DATA BLOCK →
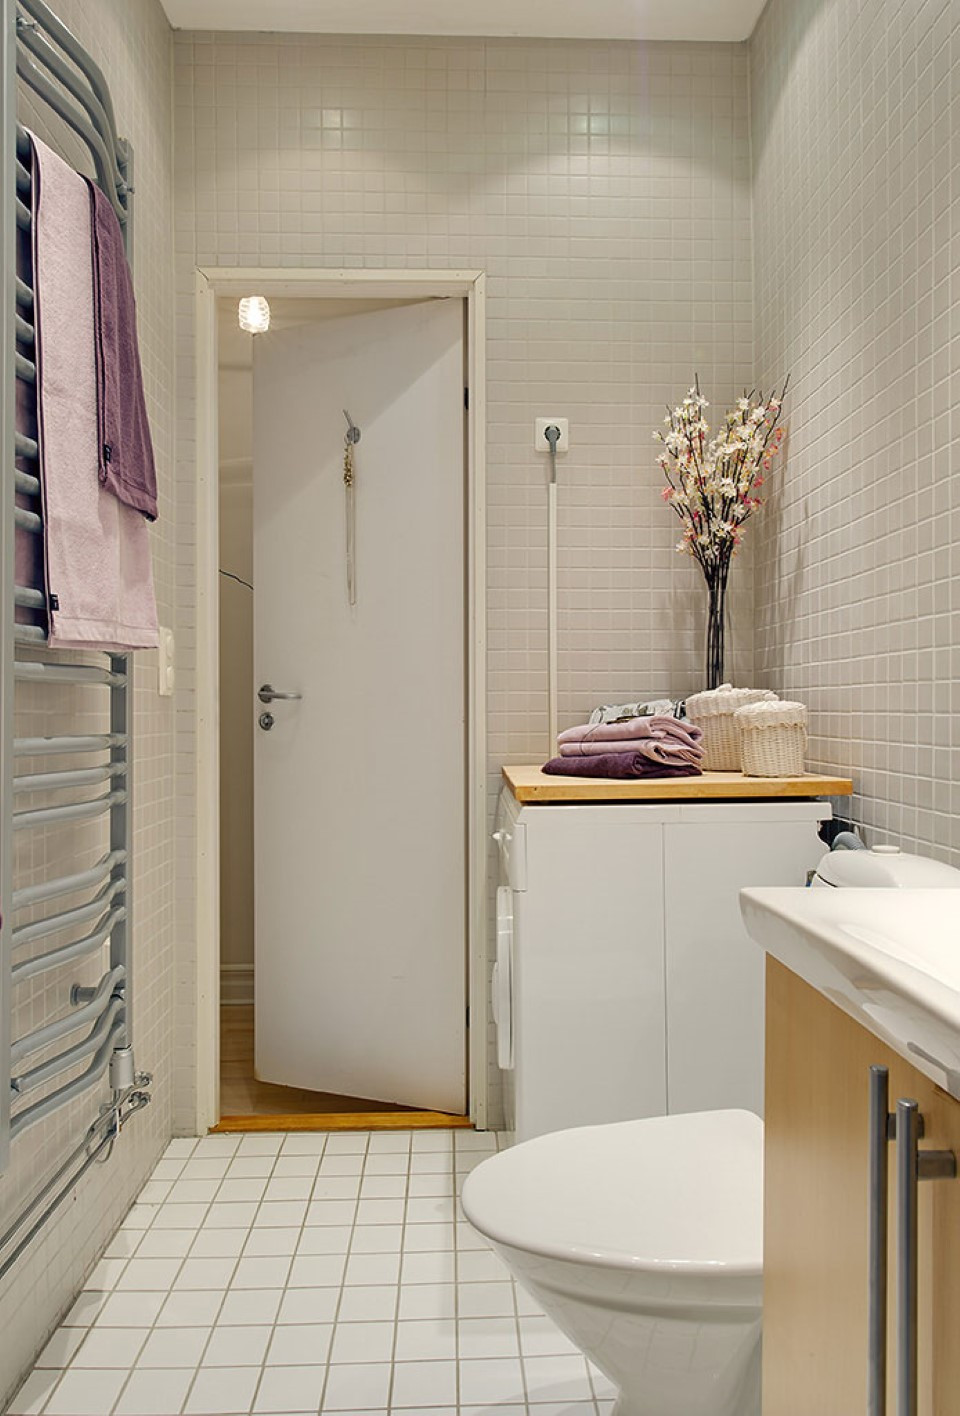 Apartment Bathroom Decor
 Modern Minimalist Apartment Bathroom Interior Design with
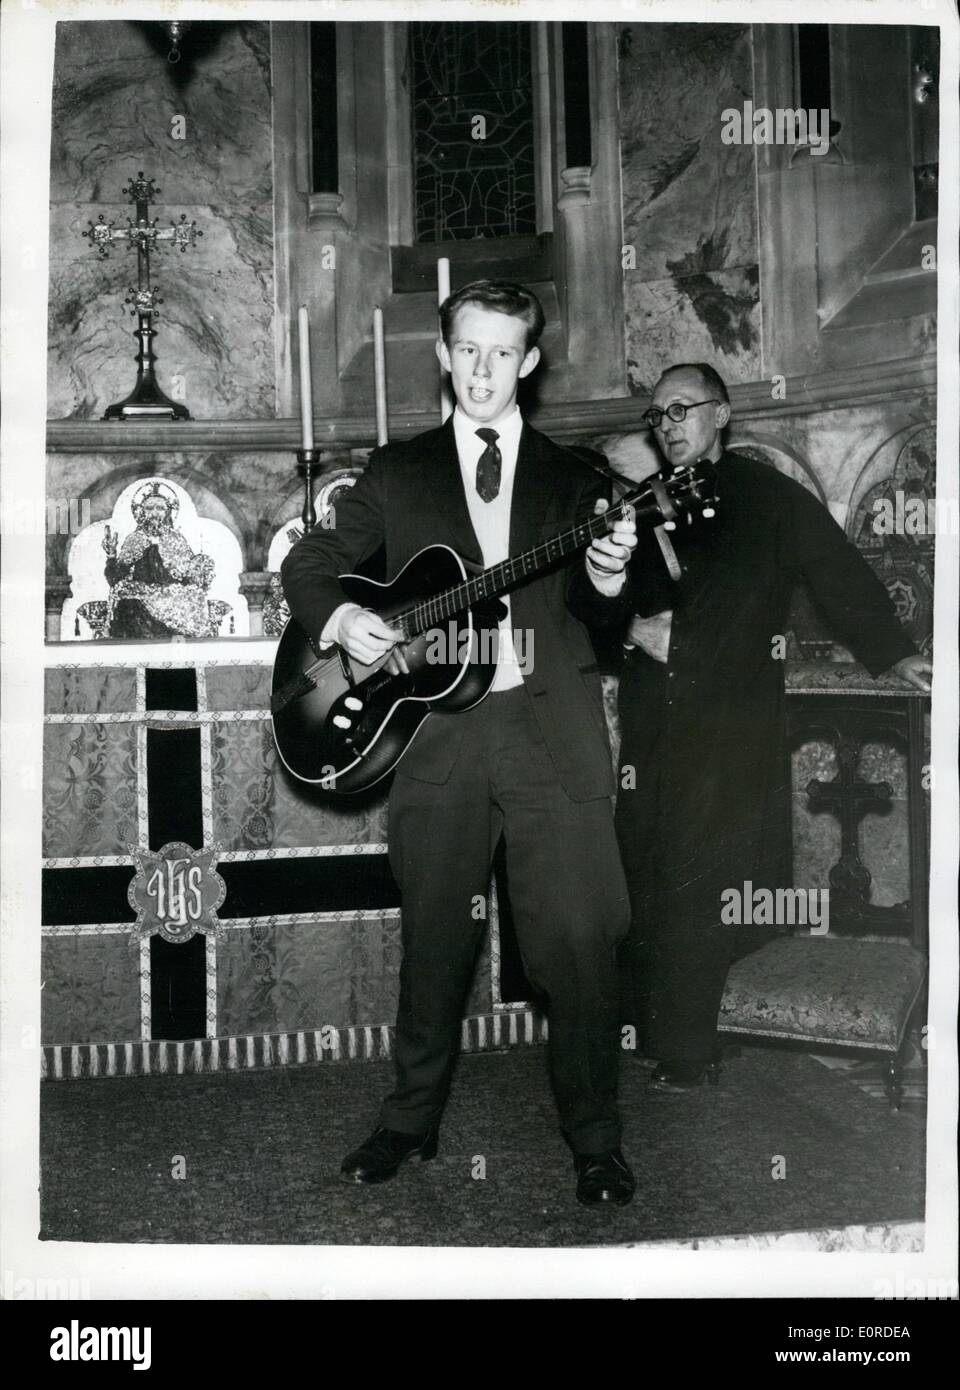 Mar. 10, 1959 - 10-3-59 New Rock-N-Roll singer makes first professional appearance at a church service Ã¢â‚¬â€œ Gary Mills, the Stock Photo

INSTRUCTIONS FOR THE TASK → Print exactly the lines from the line with "Modern Minimalist Apartment" through the end of the data, both ends included, and print no pictures.

TASK OUTPUT →
 Modern Minimalist Apartment Bathroom Interior Design with
 Mar. 10, 1959 - 10-3-59 New Rock-N-Roll singer makes first professional appearance at a church service Ã¢â‚¬â€œ Gary Mills, the Stock Photo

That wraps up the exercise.